Die Sitzung des Hamburger Senats ließ Olaf Scholz ausfallen - mangels Masse. Für seine Rede erhielt Scholz kräftigen Beifall der Frauen.
Altstadt. Der Begriff des Plagiats ist politisch derzeit etwas belastet - wegen Karl-Theodor zu Guttenberg. Sprechen wir also lieber von einer sprachlichen Anleihe, die Bürgermeister Olaf Scholz (SPD) an seinem ersten Arbeitstag bei seinem Berliner Amtskollegen und Parteifreund Klaus Wowereit machte. "Hier bei Ihnen ist mein erster Auftritt als Bürgermeister - und das ist gut so", sagte Scholz beim Senatsempfang zum 100. Internationalen Frauentag vor rund 500 zumeist weiblichen Gästen im Großen Festsaal des Rathauses und erntete dafür starken Applaus.
Mit der Formel "... und das ist gut so!" hatte Wowereit einst seine Homosexualität öffentlich gemacht und seine Popularität begründet. Scholz betonte gestern in seiner Rede zum Frauentag, wie wichtig ihm die Gleichstellung der Frauen sei. Dass er seine erste Bürgermeisterrede zu diesem Thema halte, sei deswegen auch "Zeichen und Auftrag zugleich für die Arbeit des zukünftigen Senats".

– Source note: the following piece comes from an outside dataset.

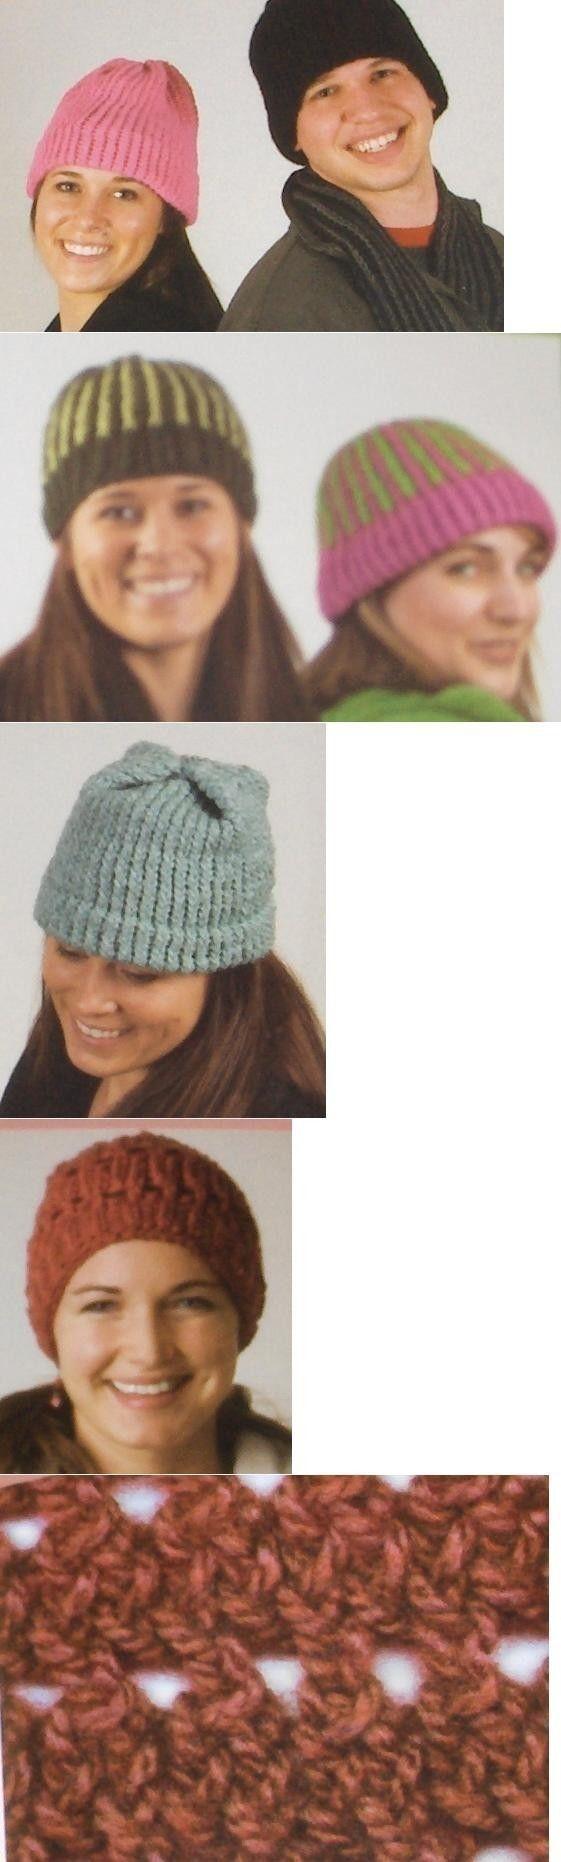 217 best Knifty-Knitter Loom - Knitting Patterns images on Pinterest ...

Nicht nur dafür erhielt Scholz kräftigen Beifall der Frauen. Der Bürgermeister erneuerte seine Forderung nach einer Frauenquote in den Aufsichtsräten von Unternehmen und lag damit auf einer Linie mit seinem Publikum. Und Scholz erinnerte an die Mitbegründerin des Frauentages, die Sozialdemokratin Clara Zetkin. "Wenn sie noch lebte, dürfte sie erstaunt sein, was es heute noch alles zu tun gibt", sagte Scholz und sprach damit den engagierten Frauen aus dem Herzen.
Es ist der Zauber des Anfangs: Hunderte von Glückwunsch-E-Mails gingen seit Scholz' Wahl am Montagabend im Rathaus, in der SPD-Zentrale und in seinem Altonaer Abgeordnetenbüro ein. Zeit zum Lesen hatte der Regierungschef noch nicht. Der Morgen des ersten Arbeitstages begann mit einem Hörfunk-Interview. Im Rathaus steckte Scholz zusammen mit seinem Senatskanzlei-Chef Christoph Krupp den Fahrplan der nächsten Tage ab.
Im Mittelpunkt stehen die Entscheidungen über die Behördenzuschnitte und die Bildung des Senats, dessen Wahl in der Bürgerschaft am 23. März erfolgen soll. Ein klein wenig Geschichte hat der Bürgermeister schon geschrieben: Die wöchentliche Sitzung des Senats am Dienstag fiel gestern aus - mangels Masse. Dieses Treffen ist eigentlich eherner Bestandteil des Regierungsbetriebs. Aber es gibt eben noch keinen Senat, und mit sich selbst mochte Scholz offensichtlich nicht konferieren. Traditionell entfällt die Kabinettssitzung zwischen Weihnachten und Silvester. Rathaus-Insider können sich aber nicht an eine Pause der Senatsberatung in "normalen" Zeiten erinnern. Viel spricht dafür, dass die Sitzung auch kommende Woche ausfallen wird. Statt der Senatslaube stattete Scholz dem Planungsstab einen Besuch ab und erörterte Themen und Projekte.
Wer glaubt, Scholz hätte nun erst einmal genug vom Wahlkampf, der irrt. Nach dem Auftritt beim Senatsempfang zum Frauentag flog der neue SPD-Hoffnungsträger nach Sachsen-Anhalt, um den dortigen SPD-Spitzenkandidaten Jens Bullerjahn im Landtagswahlkampf zu unterstützen. "Talk mit Olaf Scholz" hieß das Motto des Abends im Hotel Mansfelder Hof in Eisleben.
Morgen wird Scholz sein Bundestagsmandat niederlegen. Für Scholz wird der frühere SPD-Landeschef Ingo Egloff in den Bundestag nachrücken. Egloff war 2009 als Direktkandidat im Wahlkreis Wandsbek gescheitert. Egloffs Platz in der Bürgerschaft übernimmt der Student Lars Pochnicht (35).